Some orthodontic cases will require the removal of deciduous (baby) or permanent (adult) teeth. The decision to recommend tooth extractions is taken very seriously. When indicated, we will refer the patient to their family dentist or an oral surgeon for the extraction. Please be aware that tooth extractions are not performed in our office.

Orthognathic Surgery

Some patients have significant skeletal disharmonies which require orthognathic (jaw) surgery in conjunction with orthodontic treatment. We will refer that patient to an oral surgeon for a surgical consultation before starting orthodontics.

Oral Hygiene

Excellent oral hygiene is essential during orthodontic treatment. General dental exams and cleanings are not performed in our office and we strongly recommend that all patients continue to visit their family dentist regularly. Inadequate or improper oral hygiene could result in cavities, discolored teeth, periodontal (gum) disease and/or decalcification.

Periodontal Disease

Periodontal (gum and bone) disease can develop or worsen during orthodontic treatment due to many factors. Our doctors will monitor the patient’s periodontal status during orthodontic treatment. If the periodontal condition worsens significantly, we will refer the patient to their general dentist or a periodontist for evaluation and treatment.

Root Resorption

The roots of some teeth may become shorter during orthodontic treatment. It is not known exactly what causes root resorption, nor is it possible to predict which patients will experience it. If resorption is detected during orthodontic treatment, your orthodontist may recommend a pause or discontinuation of treatment.

Nerve Damage

A tooth that has been traumatized by an accident or deep decay may have damage to the nerve. Although unlikely, orthodontic movement may aggravate this condition. In some cases root canal treatment or extraction may be necessary.

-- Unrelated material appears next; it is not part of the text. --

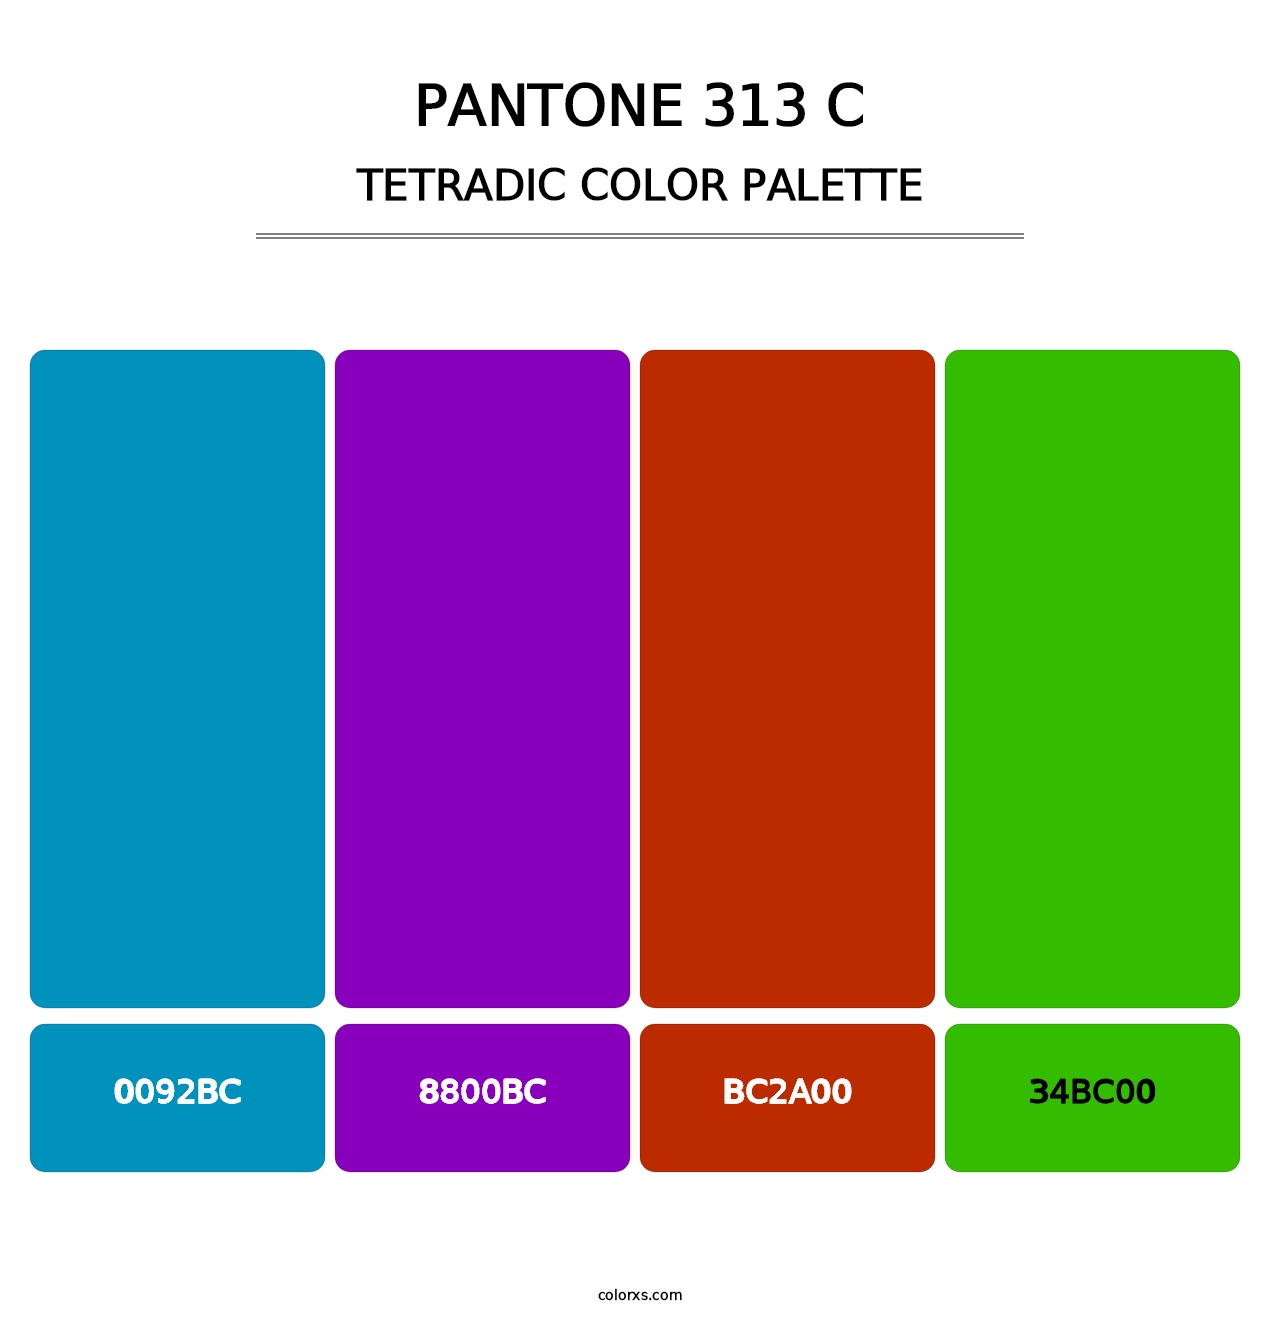 PANTONE 313 C - Tetradic Color Palette

Temporomandibular Joint (TMJ) Dysfunction

Problems may occur in the temporomandibular joints (TMJ) causing pain or headaches. Many factors can affect the health of the jaw joints, including past trauma, arthritis, hereditary TMJ problems, excessive tooth grinding or clenching, poorly balanced bite and some other medical conditions. Joint problems may occur with or without orthodontic treatment. Any jaw joint symptoms, including pain, jaw popping or difficulty opening or closing, should be promptly reported to the orthodontist. Treatment by other medical or dental specialists may be necessary.

Occlusal Adjustment

You can expect minimal imperfections in the way your teeth meet following the end of treatment. An occlusal equilibration procedure may be necessary, which is a method used to fine-tune the occlusion (bite).

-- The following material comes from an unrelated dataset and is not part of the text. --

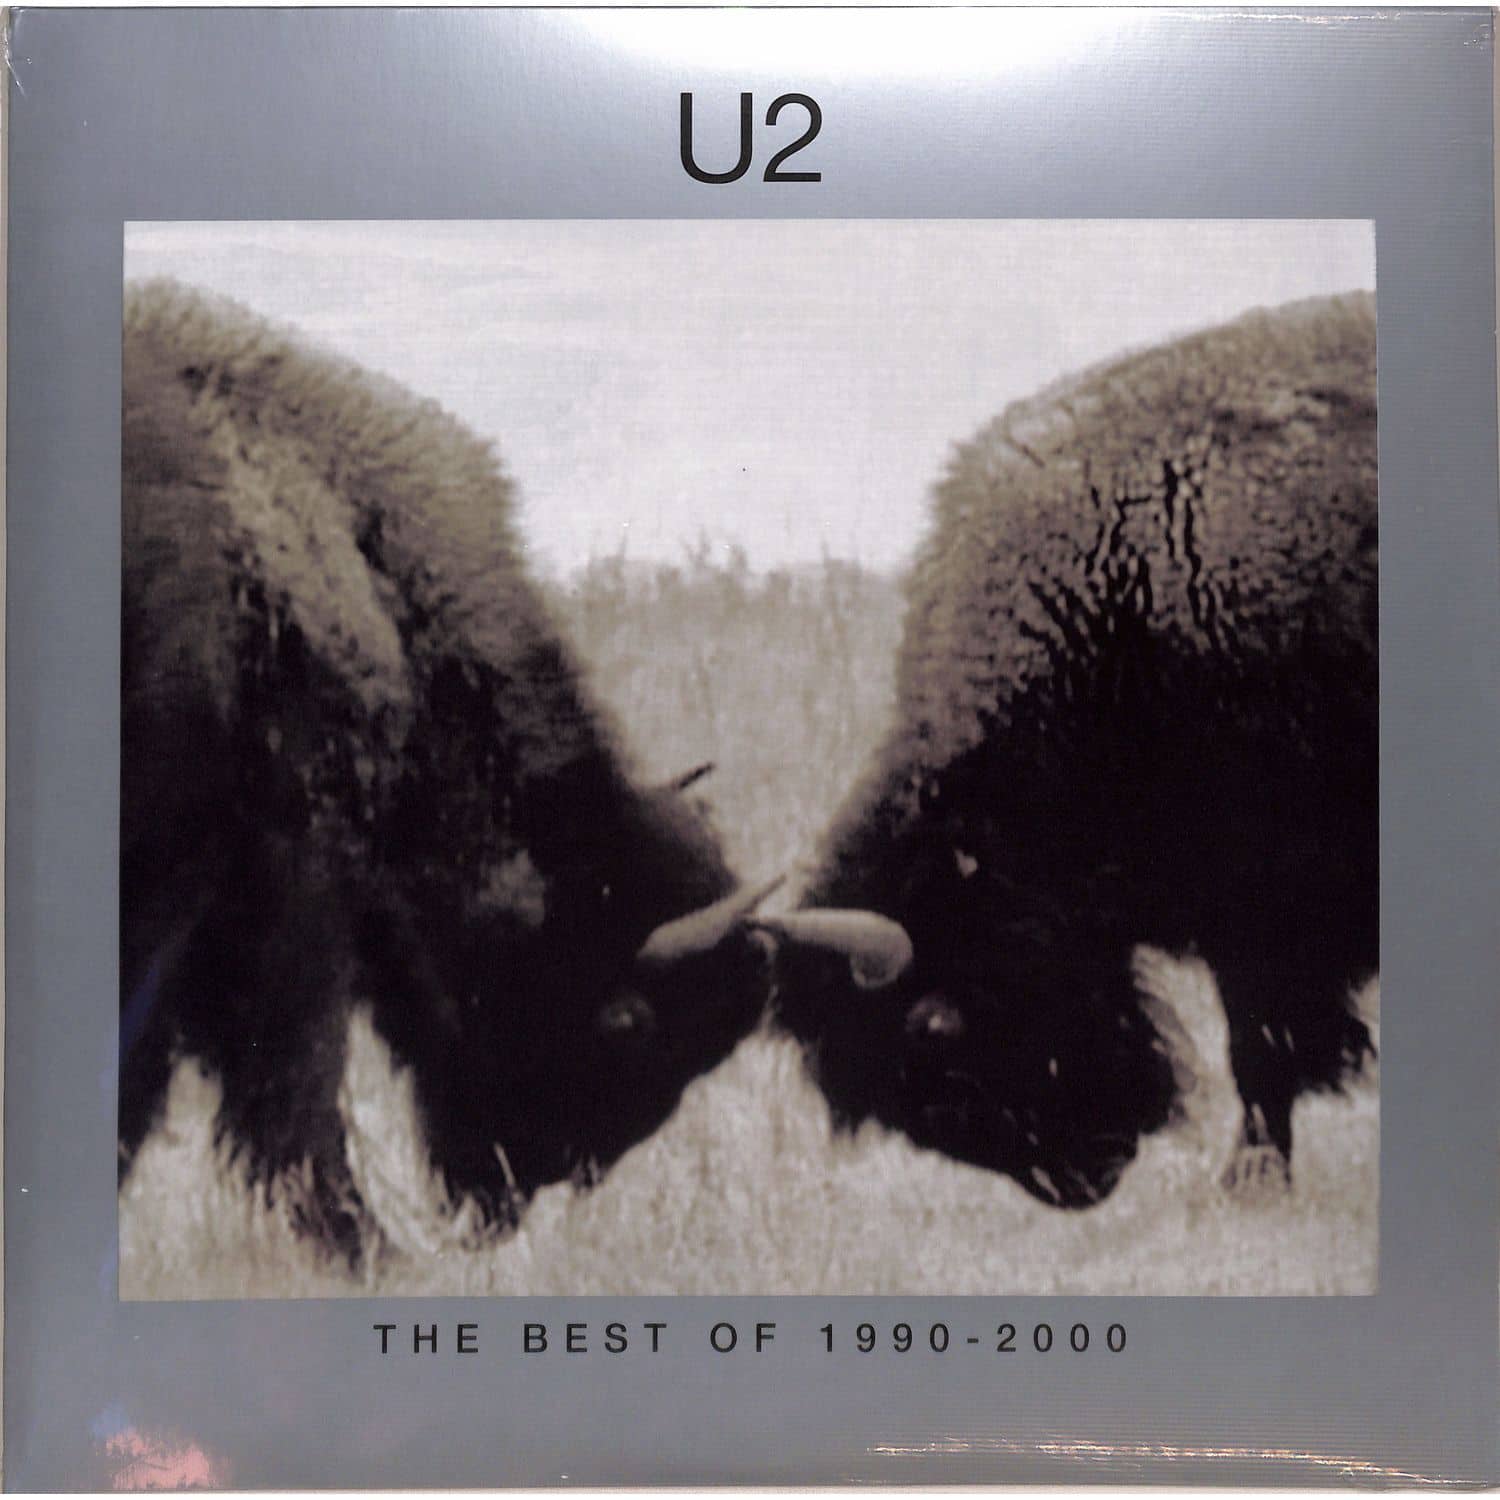 U2 - THE BEST OF 1990 - 2000

Completed orthodontic treatment does not guarantee perfectly straight teeth for the rest of your life. Teeth will continue to shift throughout your life and retainers will be required to keep your teeth in their new positions. Even with proper retainer wear changes in tooth and bite alignment can occur due to natural causes, including growth and maturation that continue throughout life. Minor irregularities, particularly in the lower front teeth, may have to be accepted and some changes may require additional orthodontic treatment.

Please address any questions or concerns regarding this informed consent with your orthodontist before signing this document or beginning orthodontic treatment.